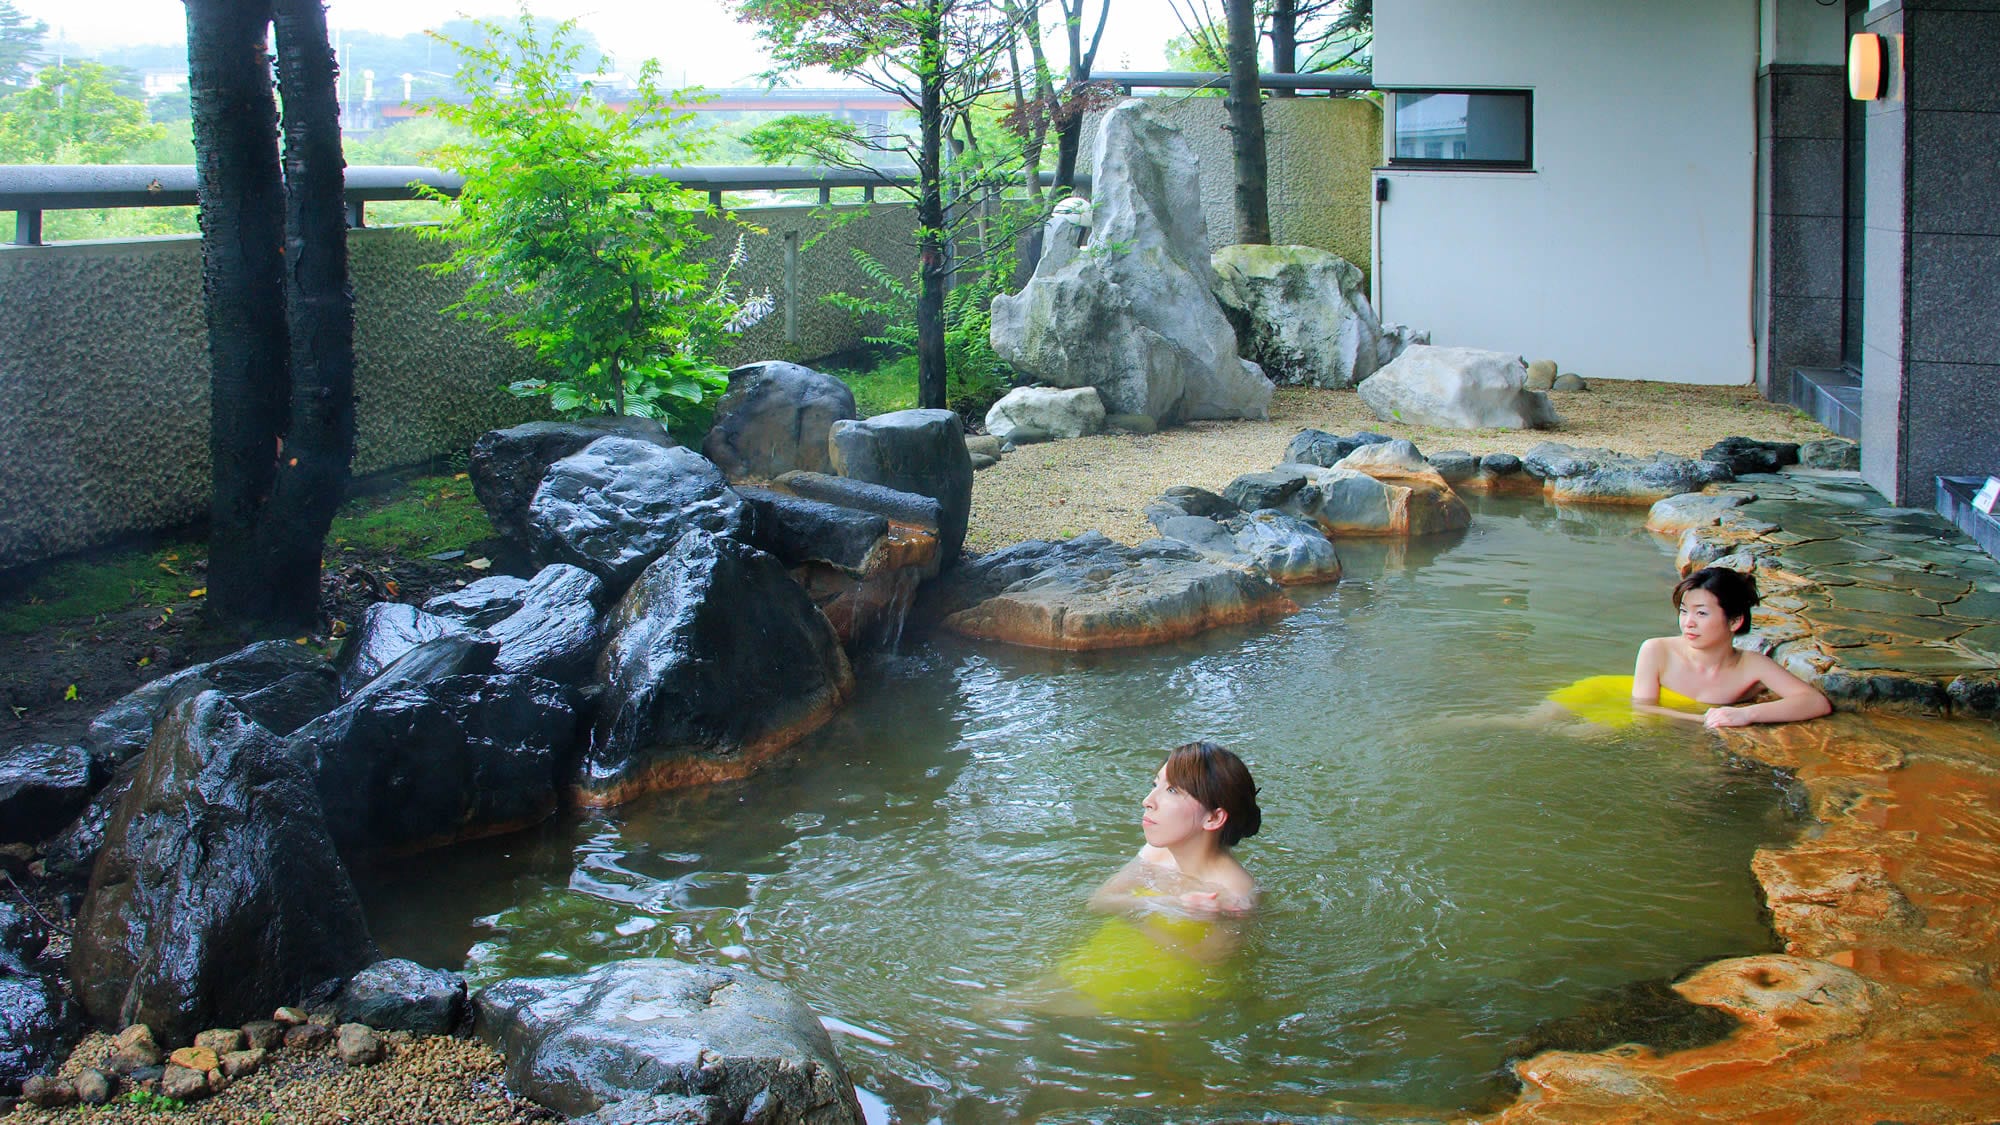 Ladies' open-air bath
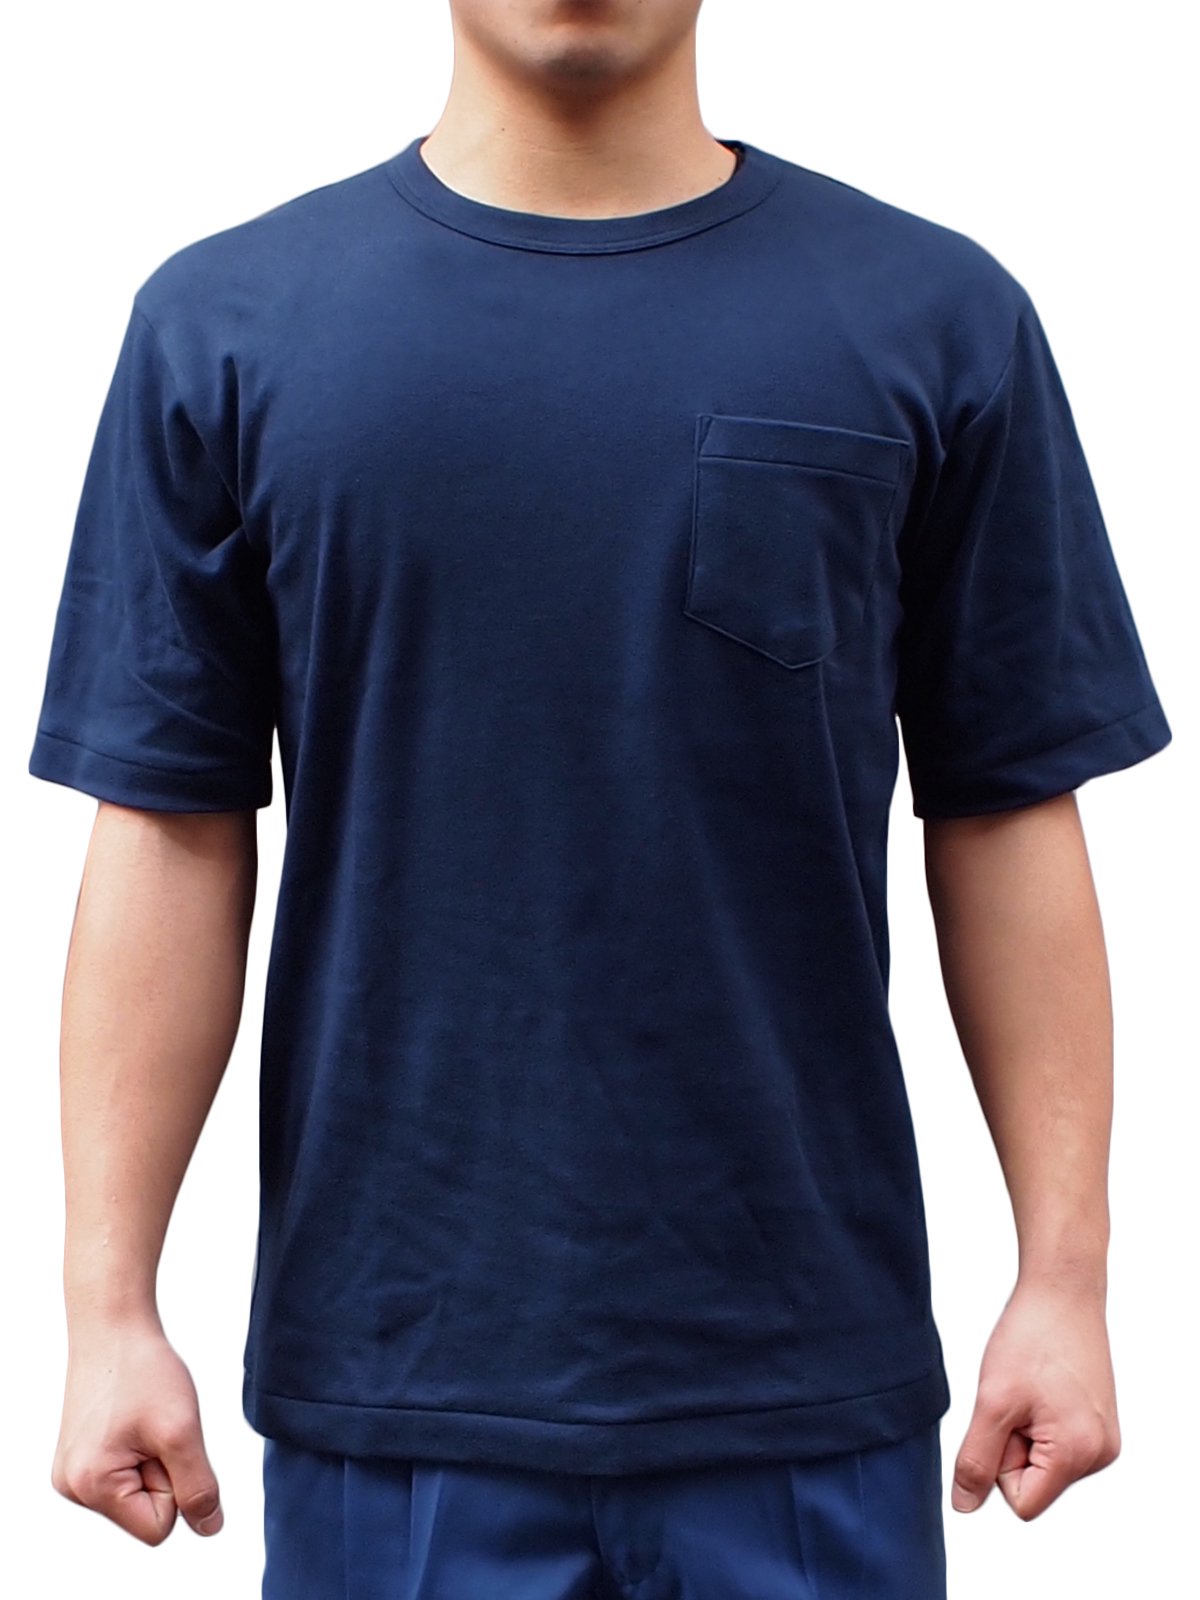 紺半袖パルパーTシャツ - 【公式通販】消防グッズ通販の【消防
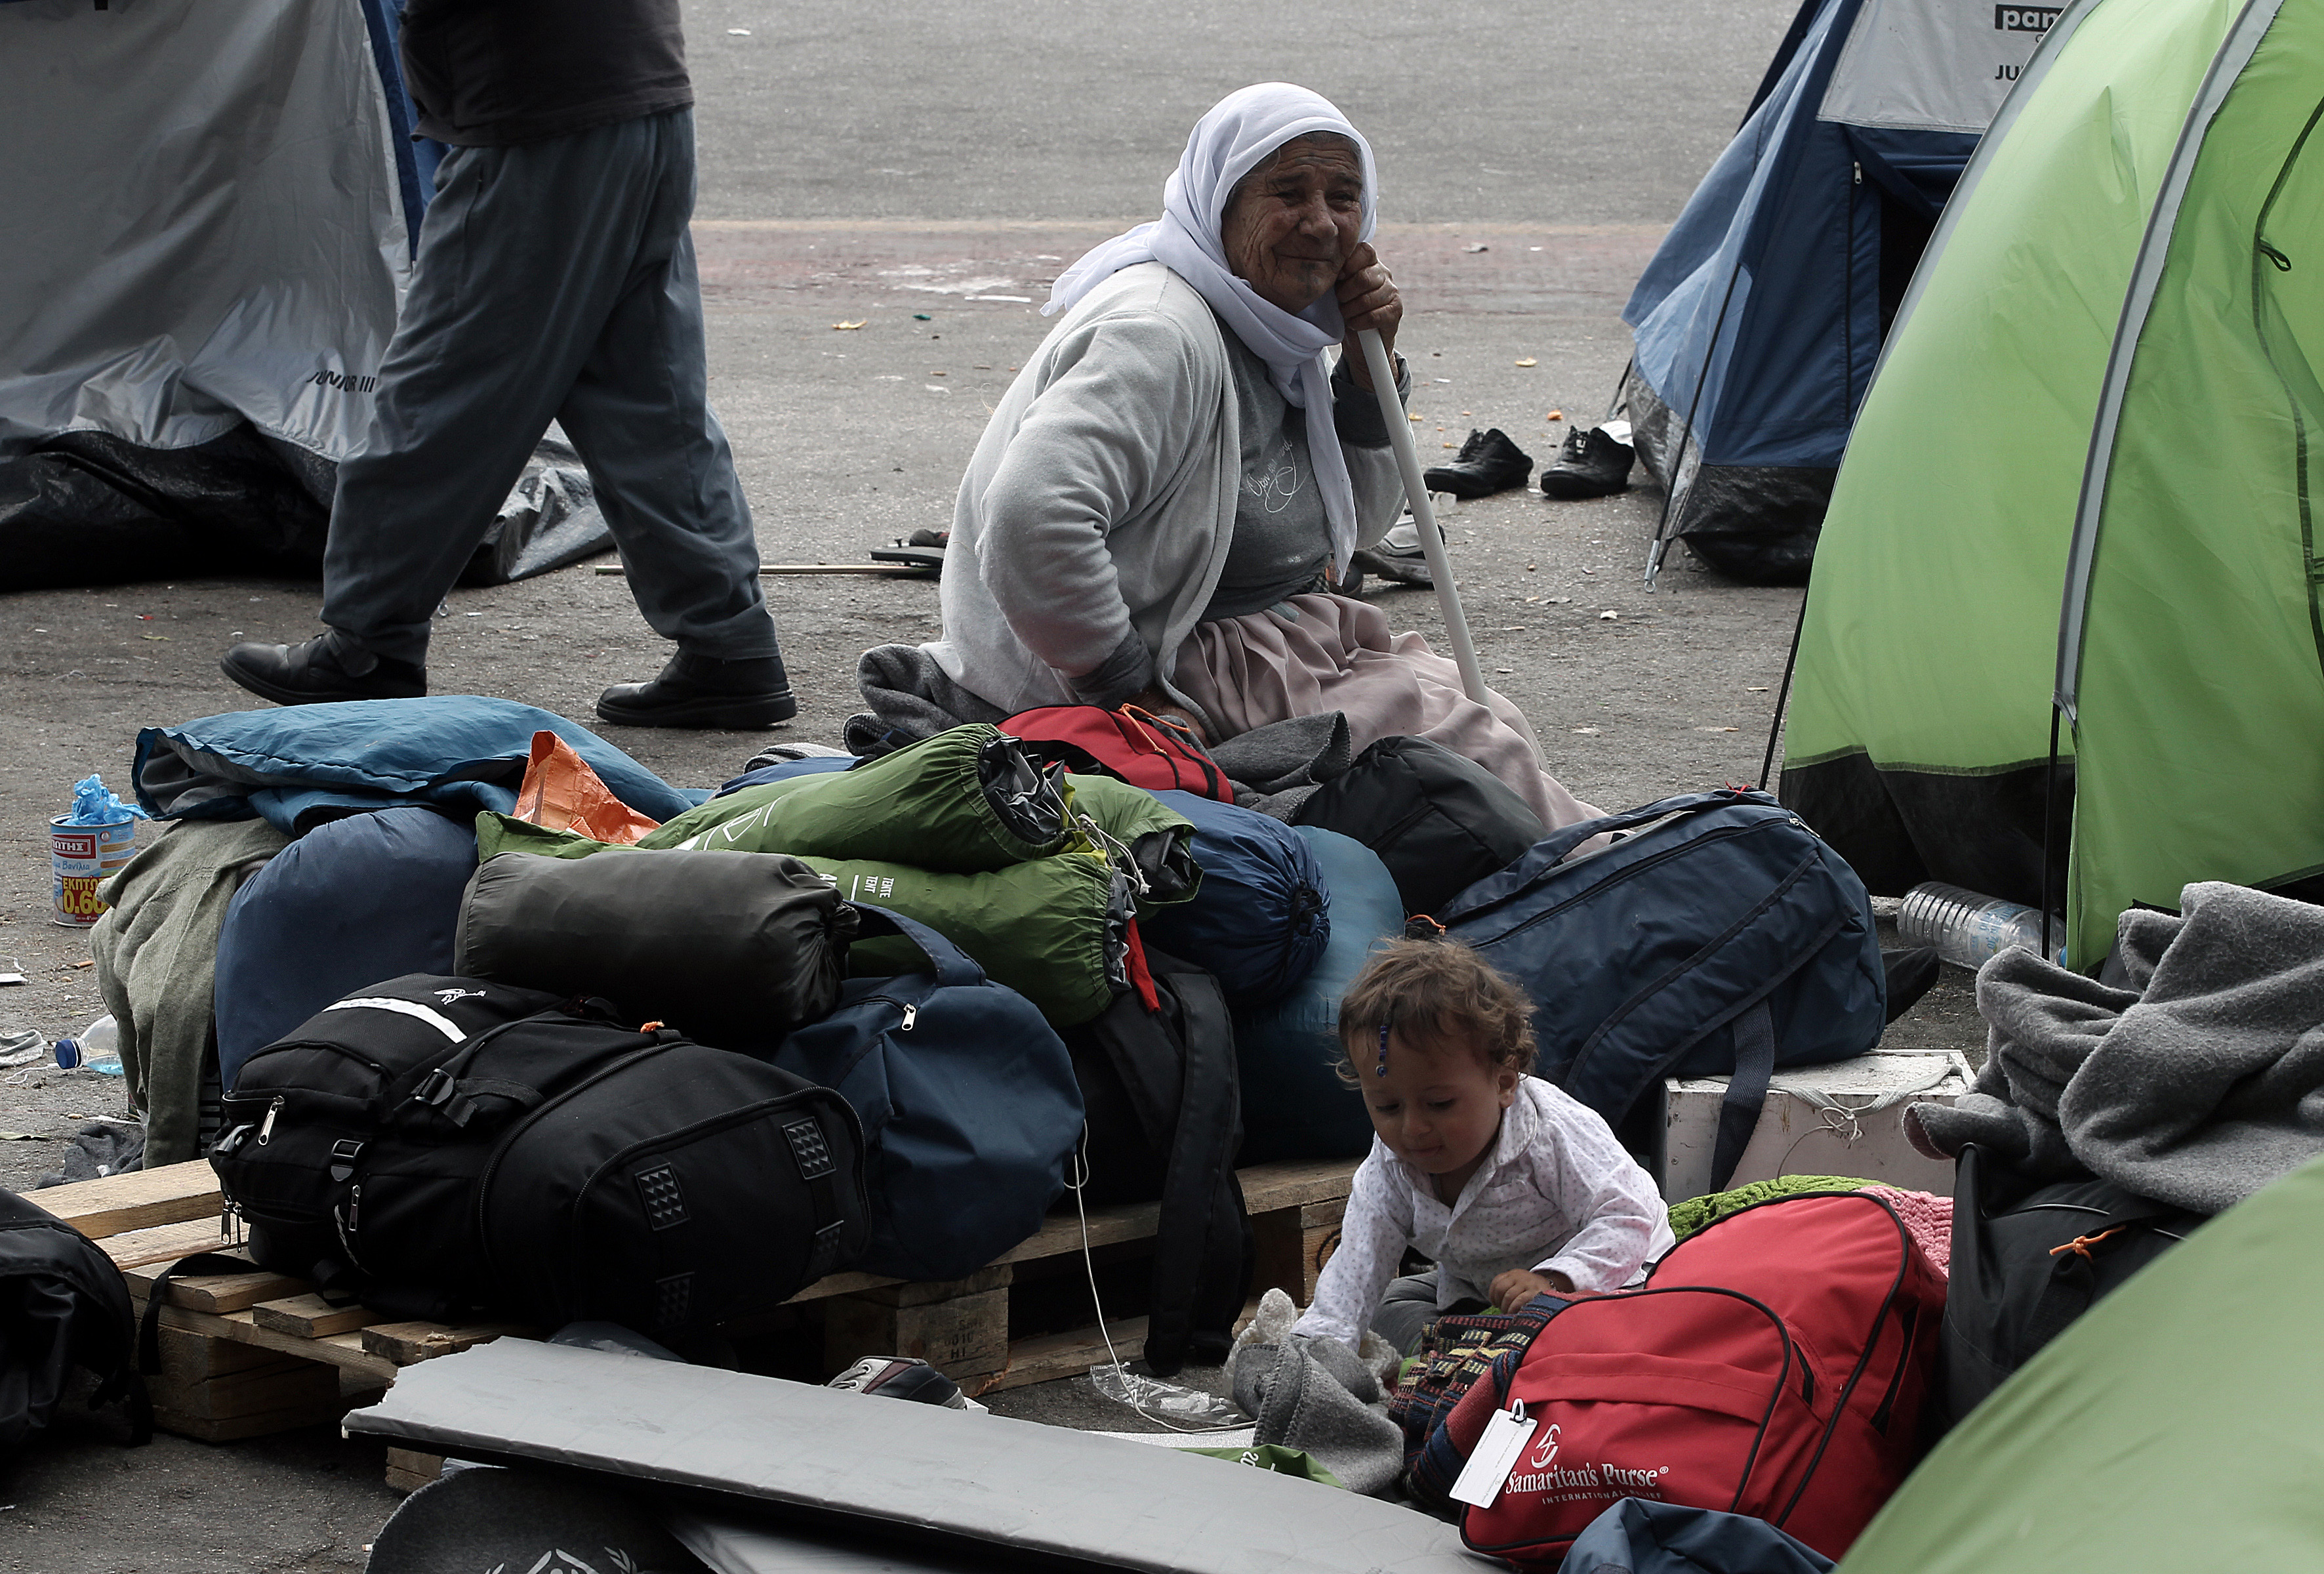 Μικροεντάσεις μεταξύ προσφύγων την Πέμπτη στον Πειραιά

ACTION ITEM: Your reply should hold exactly the lines from the line containing "紺半袖パルパーTシャツ - 【公式通販】消防グッズ通販の【消防" through the final line of the listing, and none of the pictures.

EXERCISE SOLUTION:
 紺半袖パルパーTシャツ - 【公式通販】消防グッズ通販の【消防
 Μικροεντάσεις μεταξύ προσφύγων την Πέμπτη στον Πειραιά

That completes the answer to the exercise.